Czech scientists present unique trilobite specimens, attacked by an unknown predator

Illustrative photo: Štěpánka Budková

Czech scientists have found unique specimens of trilobites that suggest something thought to be impossible – something was eating them. The small animals were amongst the most successful in history, crawling along the seabed for more than 270 million years. But during the Cambrian era, 500 million years ago, when neither fish nor cephalopods had developed, there should have been nothing capable of sinking its teeth into their hard shells. At a recent conference of international palaeontologists in Prague, Dr Oldřich Fatka of the Institute of Geology and Palaeontology presented evidence from more than thirty years of study, showing that even 508 million years ago there seems to have been a predator on the sea floor.
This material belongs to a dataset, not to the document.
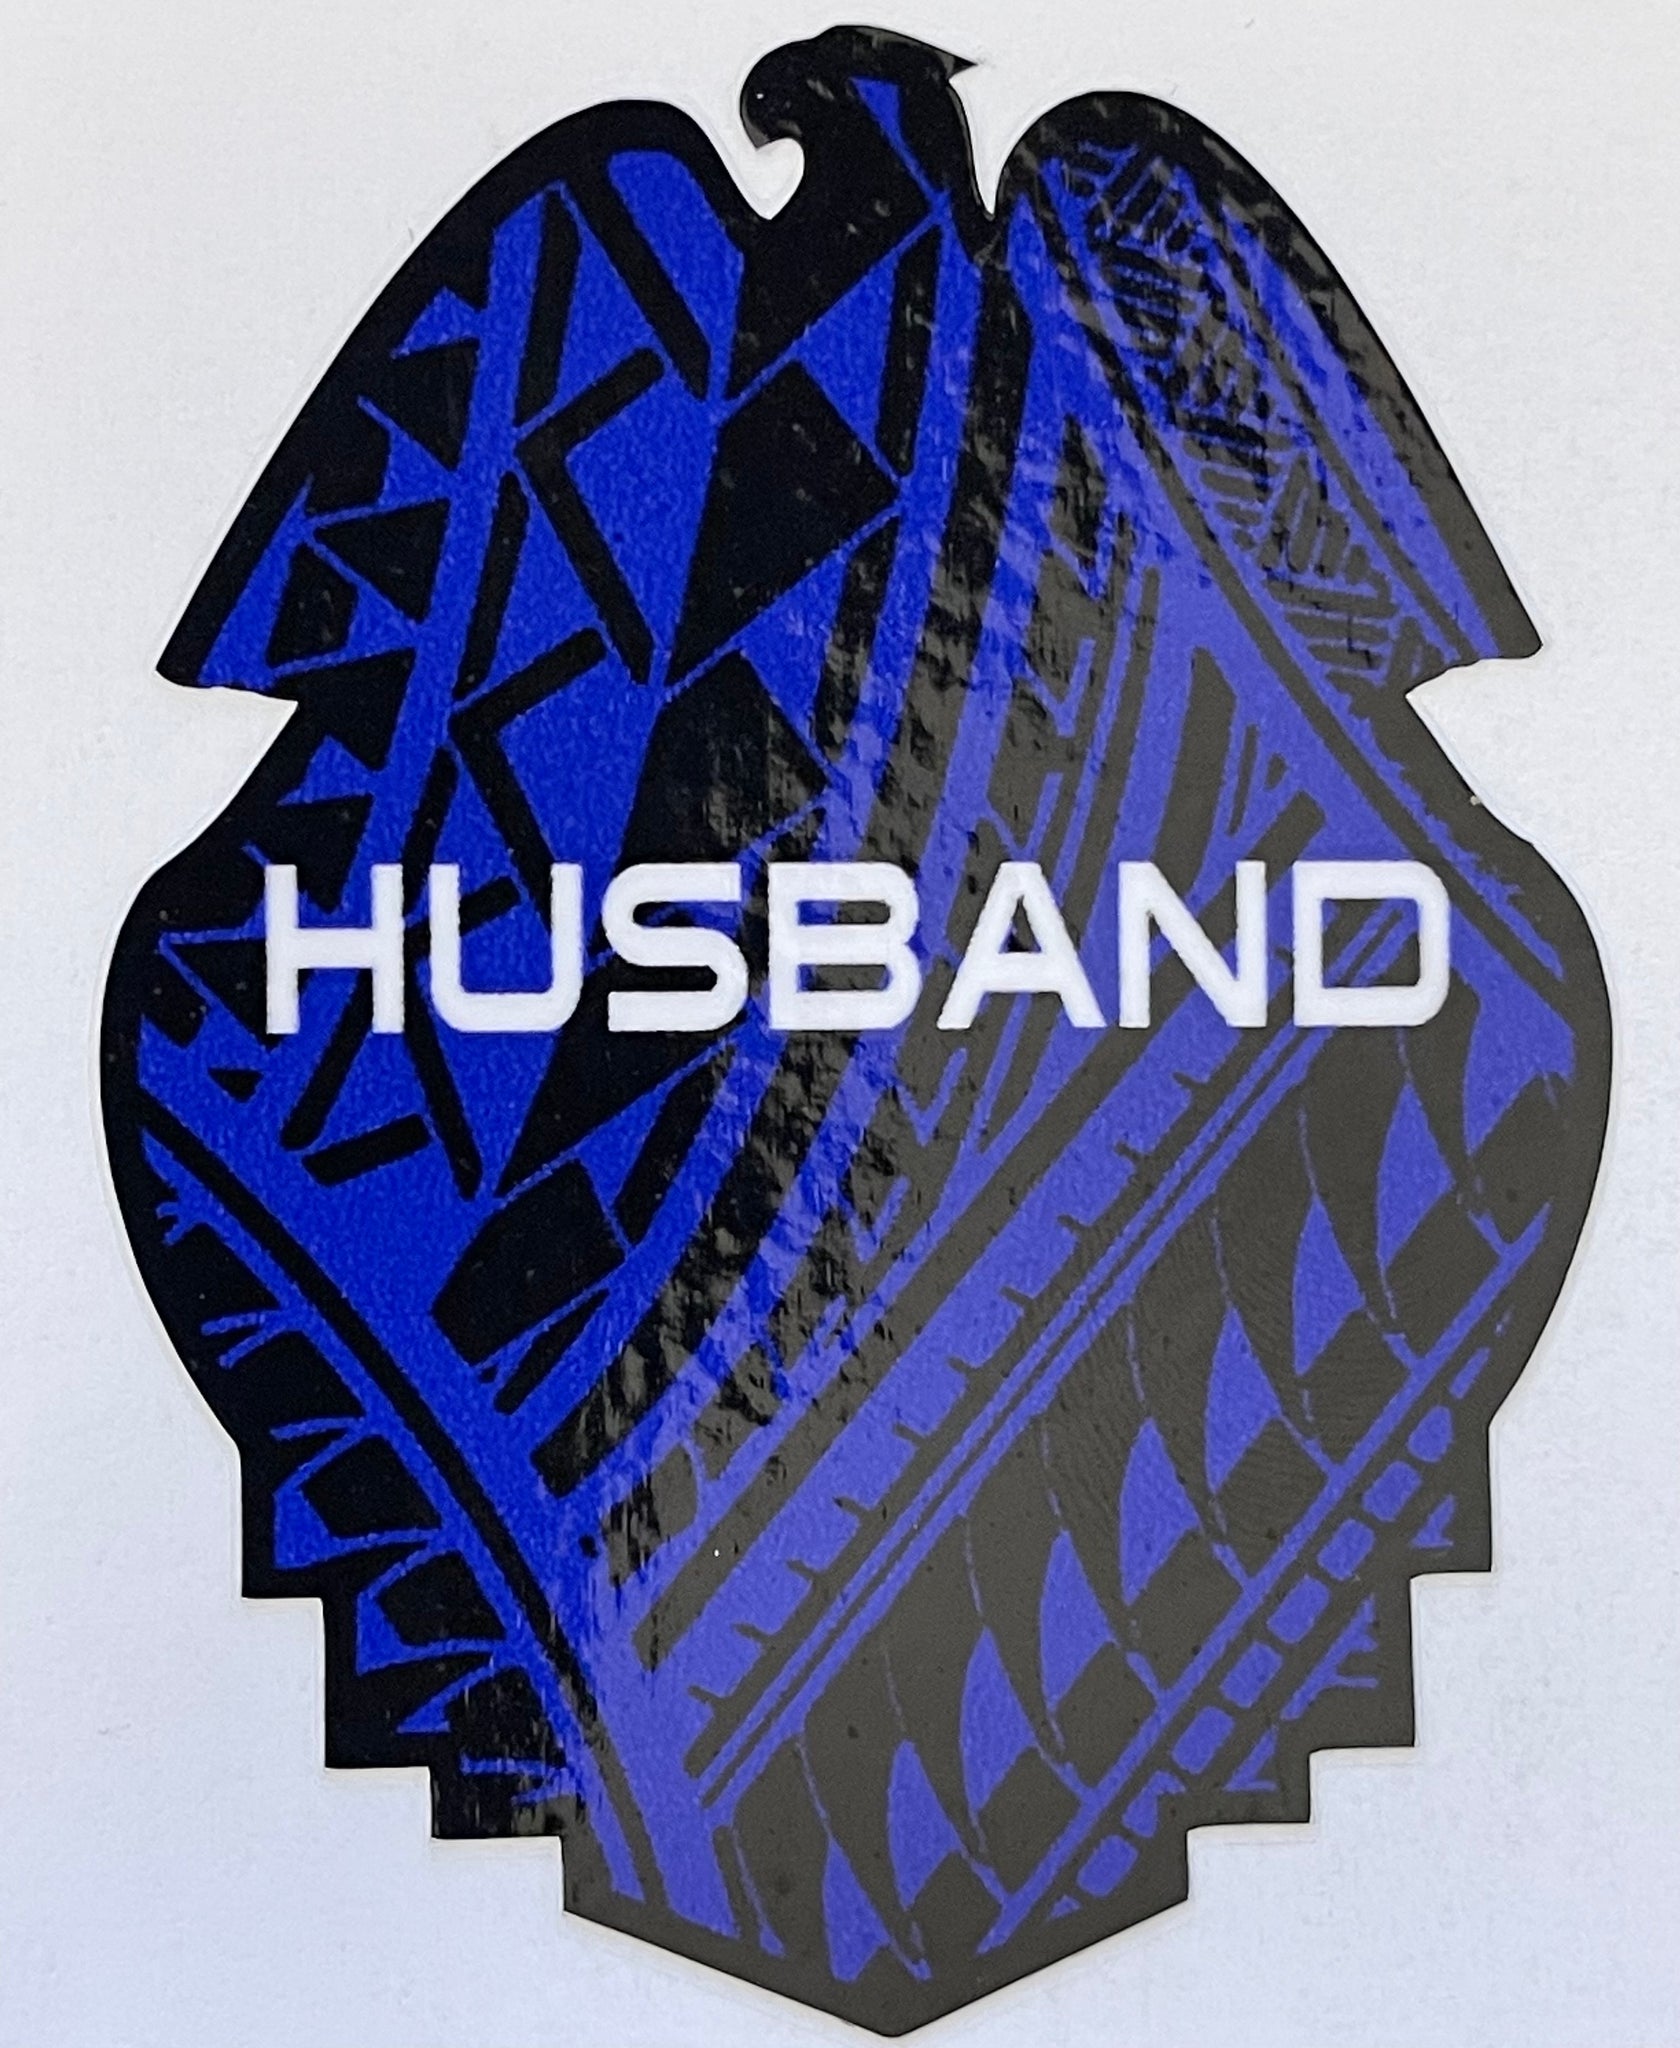 Husband Full Tribal Badge Sticker

Illustrative photo: Štěpánka Budková
“Our research focused on specimens that showed specific features: there are, in some rare cases, preserved traces of attacks on the trilobites. So, in our presentation we showed about eight of the twelve available specimens that show attacks from the right or left side, just behind the head. There, three to six thoracic segments are missing, and these are the traces of the attack. The attacks were lethal, killing the trilobite. These specimens showing attacks are very spectacular because the animals which are usually the supposes eaters and attackers of trilobites are still absent in Cambrian rock.”
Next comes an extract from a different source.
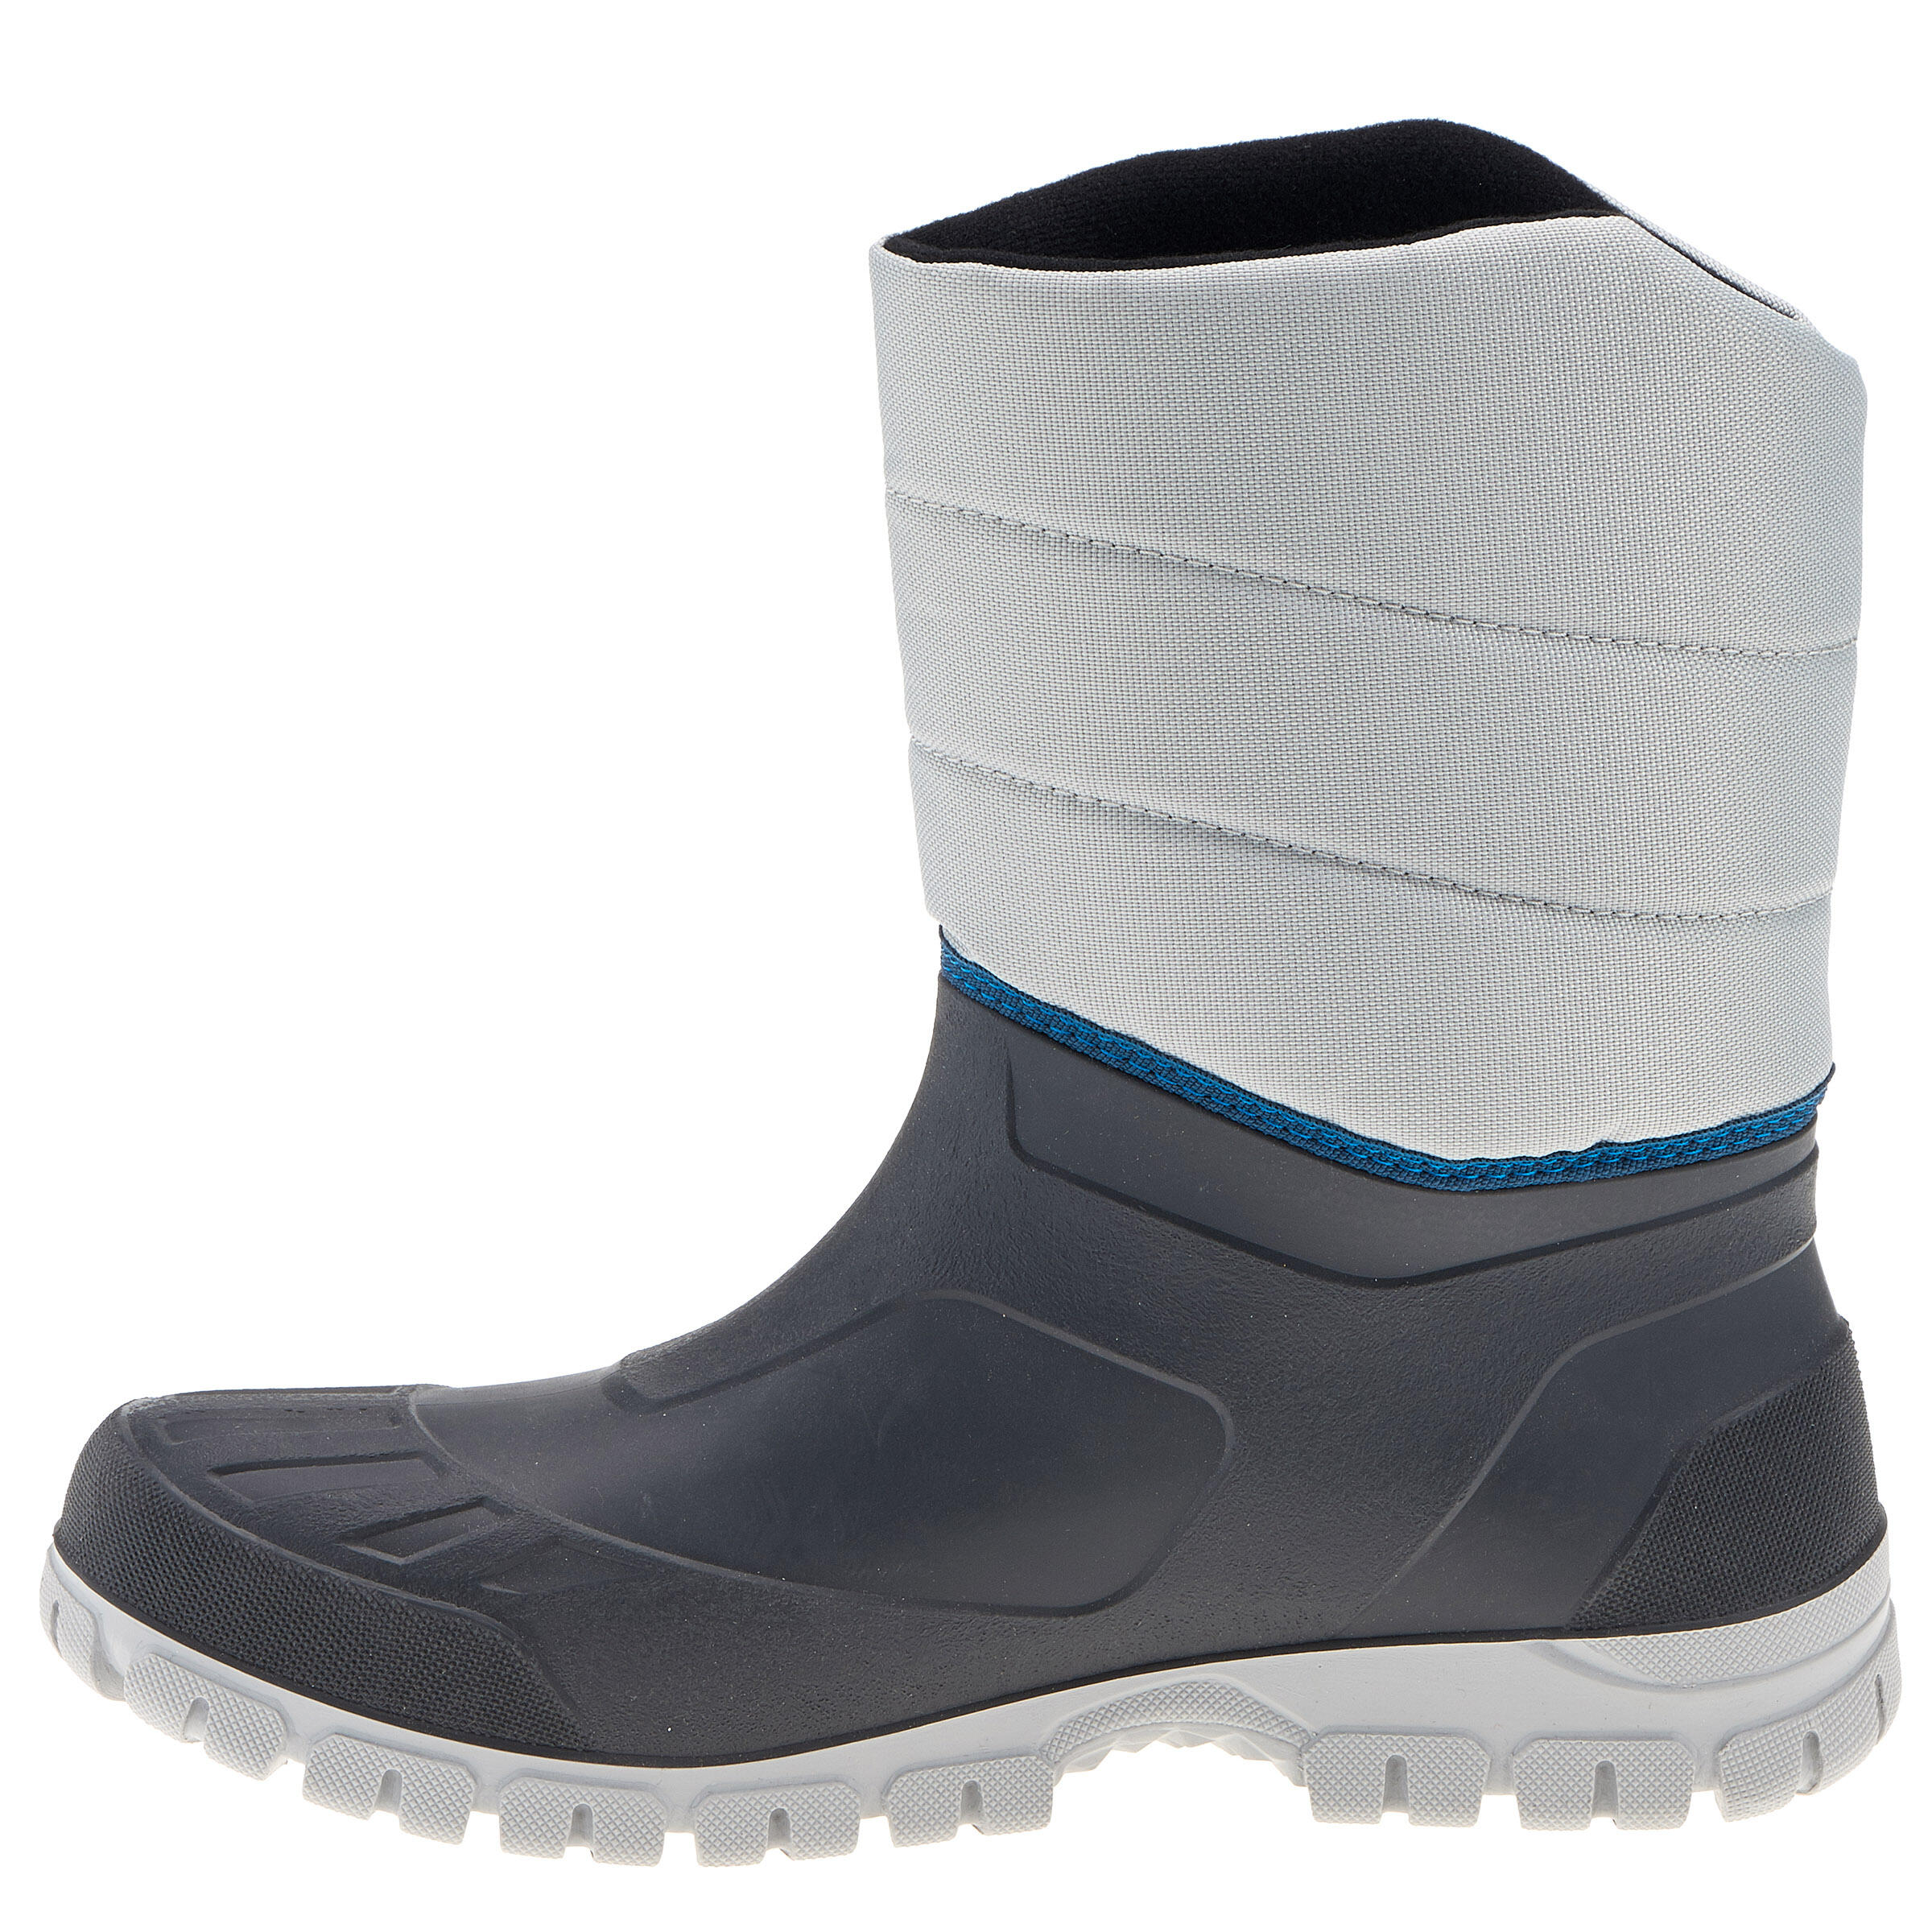 Arpenaz 50 Warm waterproof men's hiking boots - Grey 13/14

Do we have any idea what such a predator might have looked like?

“There were no fish, no cephalopods at that time. We have some speculative ideas, for instance the so-called anomalocaridids. Anomalocaridids are a group that is outside of our recent systems of biology. They are very typical of the Cambrian sediments, and they are interpreted as planktonic, or benthic, animals, reaching very large dimensions for their time – more than 100 centimetres in length. And they are interpreted by some authors as potential scavengers and even animals that were able to attack other living organisms. Therefore, we suppose that one of the candidates for the animals responsible for the wounds on the trilobites are anomalocaridid-like animals, some smaller form than the typical genus that were benthic – meaning they did not swim well but crawled above the water sediment interface and tried to find something to eat. So one of the potential animals are anomalocaridid-like types of organisms.”

Where does your research go from here and how will you clarify the situation?

Oldřich Fatka,  photo: Trilo 2012 Conference
“We will try to find more wounded trilobites to see, for instance, if already at that time there was a preference for the right or left side (about 20 years ago it was discussed that the Burgess shale showed a preference for the right side). So we will try to find the animals that could have been responsible for these attacks, even in the Czech Republic. We are not sure if we will be successful, because these organisms that are supposed to be the attackers, were not well skeletonised – meaning they are very rarely preserved, not only here but worldwide. So we have some traces that could be interpreted as an anomalocaridid-like animal, but we would like to find more, and we would like to find more in layers in which the wounded trilobites occur. In that case we could say ‘okay, here we have the most probably guys responsible for the attacks’.”